Arlen Specter: Political Animal

vivereque
Make no mistake about it, Arlen Specter will do anything to keep his seat in the Senate. After voting with the Democrats for the Obama spending bill, he realized that Pennsylvania Republicans, who are tired of his charade, would probably unseat him in a primary election. He knows that his chances of winning the general election are far better in PA, which leans more and more Democratic each year, than in getting through a Republican primary which would have called him to task for his traitorous voting record.

Now, like Benedict Arnold, he has positioned himself for political survival with the party that he thinks will win the next set of elections. Can we blame the Senator?

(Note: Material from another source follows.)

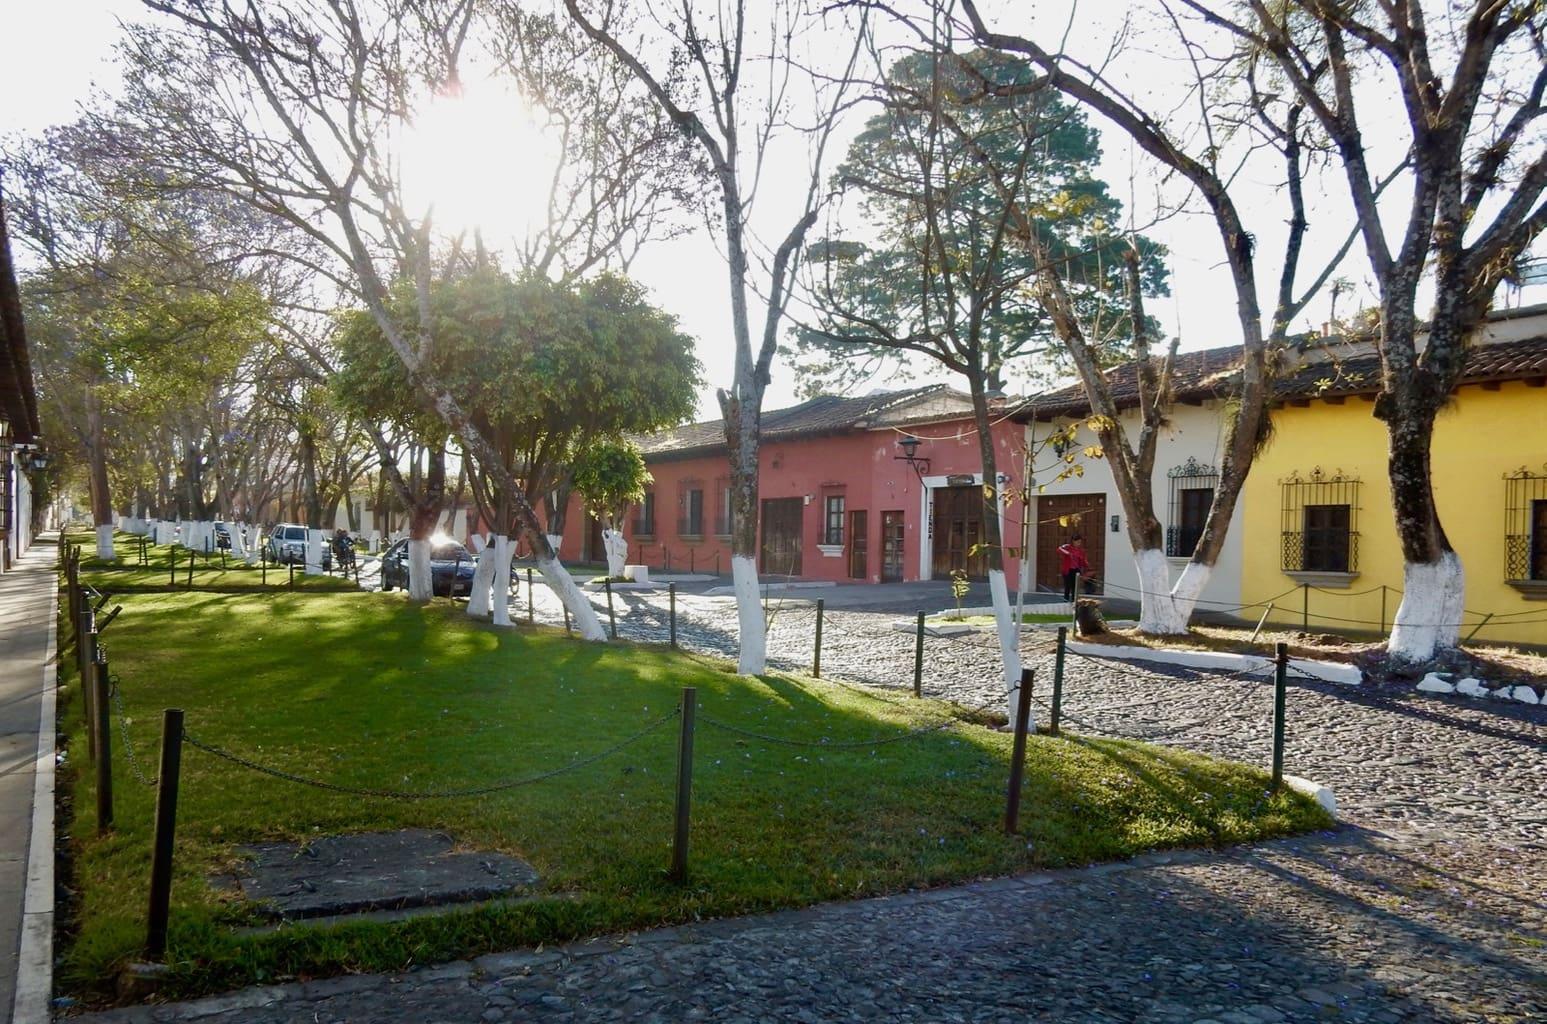 Residential street, Antigua Guatemala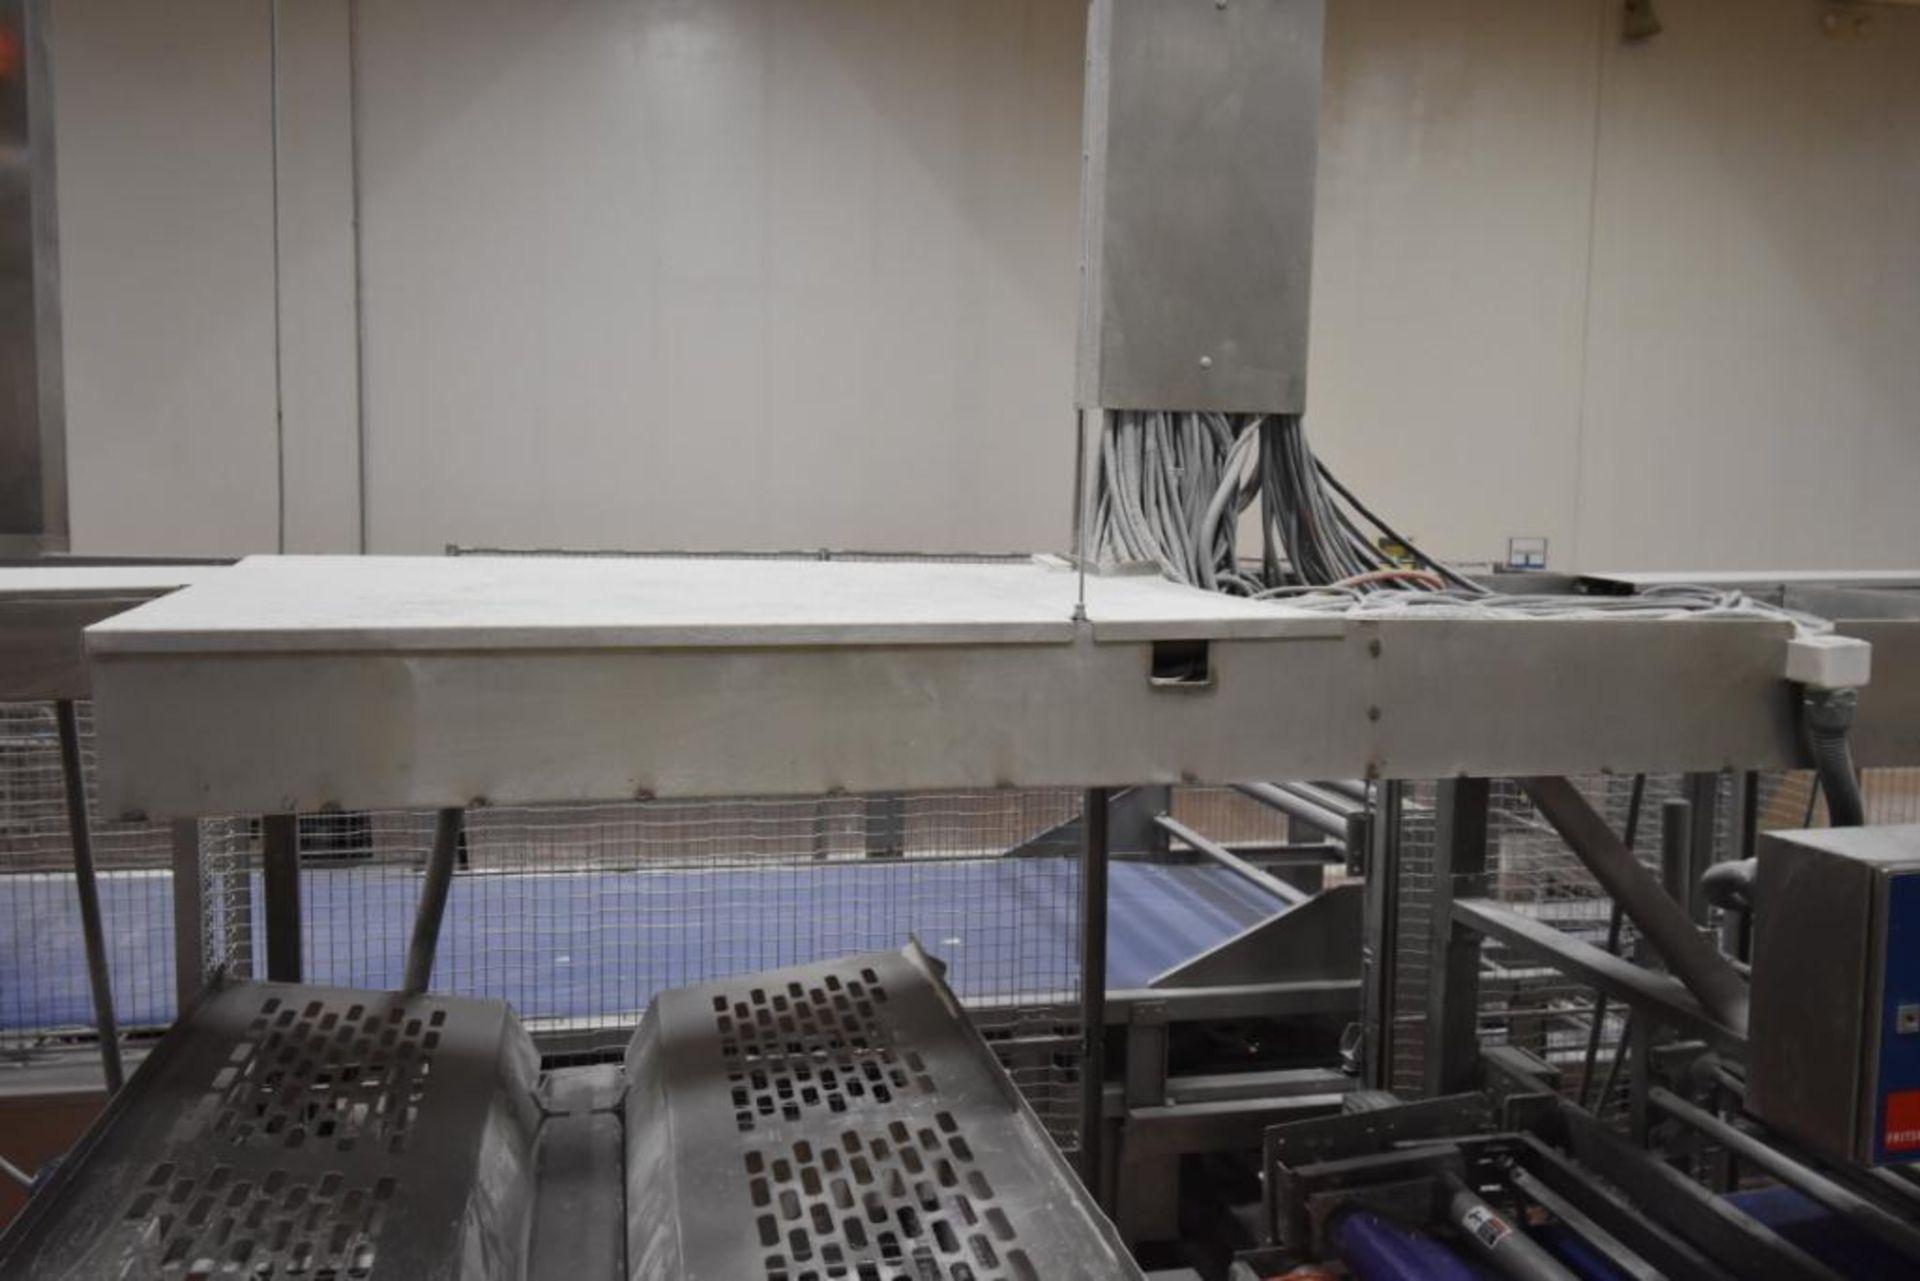 2007 Fritsch Laminator 3000 dough line - Image 233 of 280

Specter is first and foremost a calculating, Darwinian survivor. He has crunched the numbers. He knows that he has already lost the PA Republican primary. He hopes that he can catch the wave of conservative PA Dems, who have become disillusioned with the radical left-wing slant of the Obama administration. They are a group that may well embrace a liberal, former-Republican and entrenched incumbent to serve as their candidate. He is betting that he can position himself as a moderate, like Joe Lieberman, who can widely appeal to the voters of both parties in the general election.

He may be correct. What remains to be seen is how strongly this conservative anger will swell. Will Specter's defection to the Democratic party protect him from a defeat at the hands of conservatives, independents, and disillusioned Dems who have become horrified by rampant government spending, spending which Specter supports, and growing signs of Obama administration incompetence in the sphere of foreign policy?

I am glad that Specter has finally come out of the political closet. It has been very painful for these many years to watch him pretend to like conservatives, when all along he was sneaking out on the weekends to party with his liberal buddies. It has been a marriage of convenience between Arlen and the Republican party, but in these changing times, Specter need not hide his shame.